# Name of classical melody - help



## MeJoho (Feb 14, 2012)

Hi I'm new here, and I didn't know where to place this thread so feel free to move it.

I use forums a lot, and the other day I couldn't remember the name if this melody

__
https://soundcloud.com/kaengurustylte%2Fplease-tell-me-which-melody
so I registred here, thinking that u guys would be able to help me.

I love classical music and I play piano myself.

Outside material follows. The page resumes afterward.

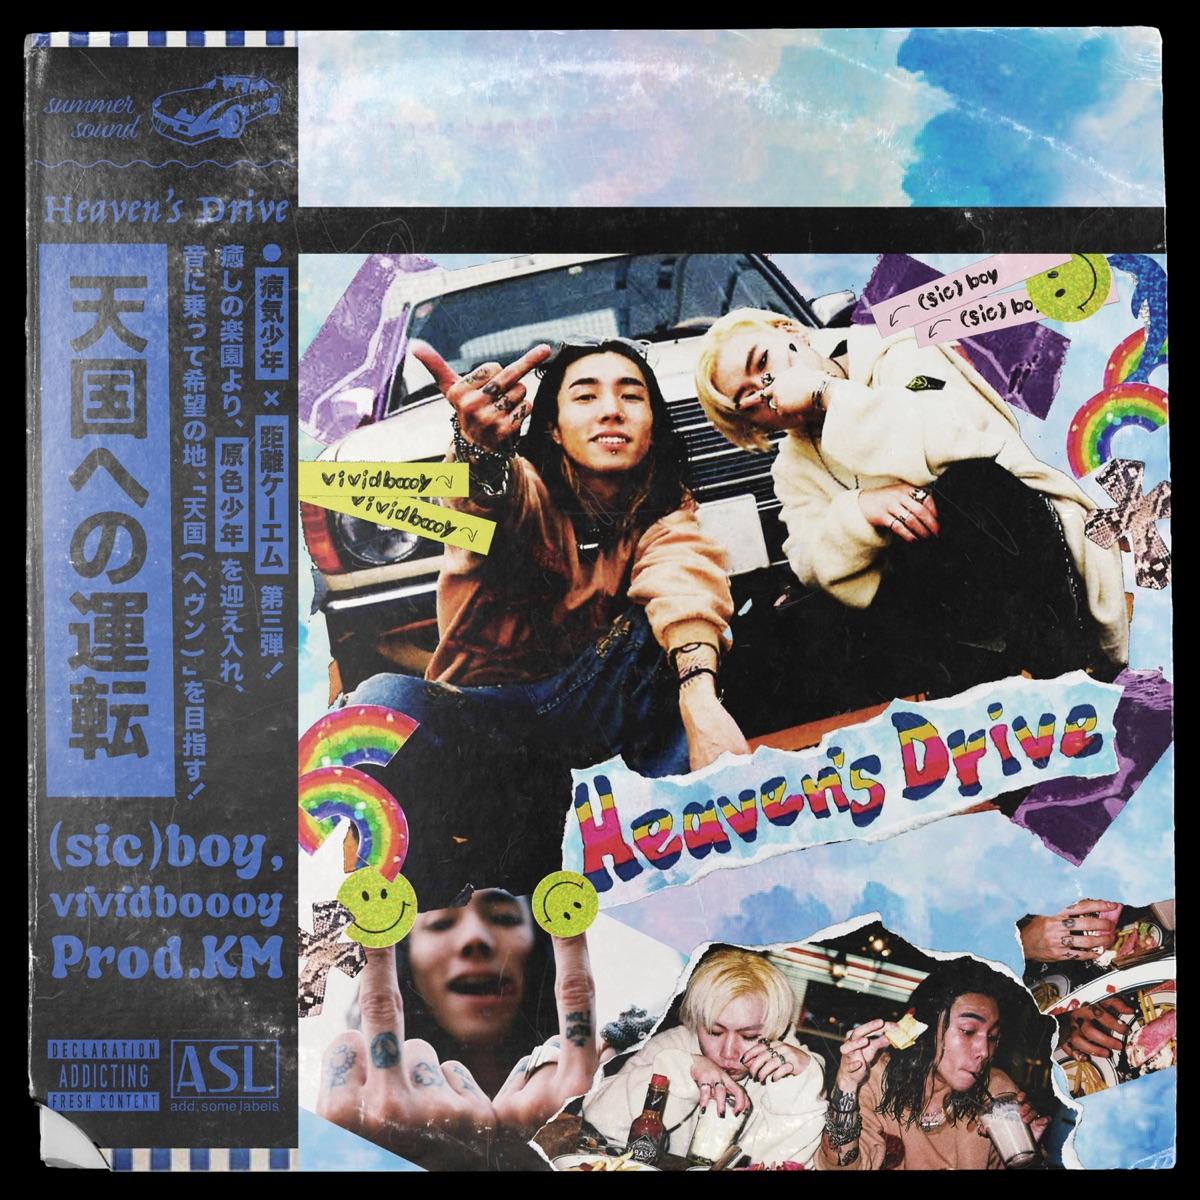 『(sic)boy,KM - Heaven's Drive feat. vividboooy』収録の『Heaven's Drive feat. vividboooy』ジャケット

Please help me to find out the name of the melody is.


----------



## jhar26 (Jul 6, 2008)

MeJoho said:


> Hi I'm new here, and I didn't know where to place this thread so feel free to move it.
> 
> I use forums a lot, and the other day I couldn't remember the name if this melody
> 
> ...


"Eleanor Rigby" from the Beatles.


----------



## MeJoho (Feb 14, 2012)

Ye, I really know it sounds like 100% of that song. But it's not that one. 
It's like an cello, viola symphoni. please think more classical even though I'm no big help.


----------



## MeJoho (Feb 14, 2012)

Or you might be right, I actually don't know. Maybe if there's a classical version of it, I will appreciate if someone post it.


----------



## jhar26 (Jul 6, 2008)

MeJoho said:


> Ye, I really know it sounds like 100% of that song. But it's not that one.
> It's like an cello, viola symphoni. please think more classical even though I'm no big help.


There's a strings only version on the second of the Beatles Anthology albums. That's probably the one you're thinking off.


----------



## Kopachris (May 31, 2010)

MeJoho said:


> Or you might be right, I actually don't know. Maybe if there's a classical version of it, I will appreciate if someone post it.

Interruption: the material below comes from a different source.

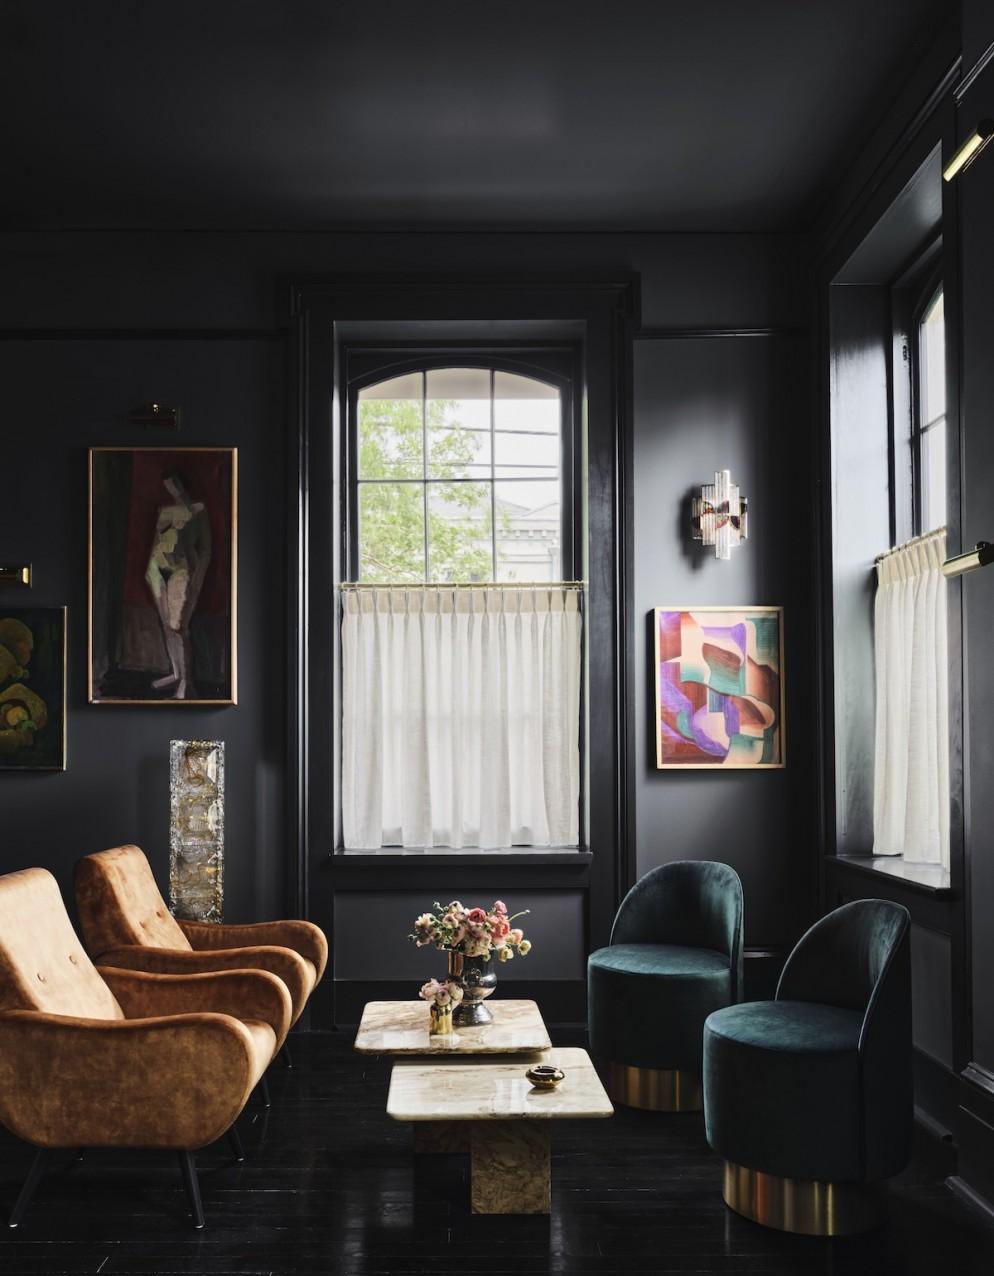 Hotel Saint Vincent -  Chapel Club x Seating Area - by Douglas Friedman

Specifically, it's the lines _All the lonely people / Where do they all come from? / All the lonely people / Where do they all belong?_. The song has been covered numerous times--the London Symphony Orchestra did a great job (see below)--but that doesn't make it classical.


----------



## MeJoho (Feb 14, 2012)

Thank u both of you. 
It might have been the vid Kopachris linked. But I'm still not totally sure.

Okay I'm sure, it's not that one. It had no vocals.

Man I'm so confused. Sorry for the inconvenience.


----------



## Kopachris (May 31, 2010)

MeJoho said:


> Man I'm so confused. Sorry for the inconvenience.


Don't worry about it.


----------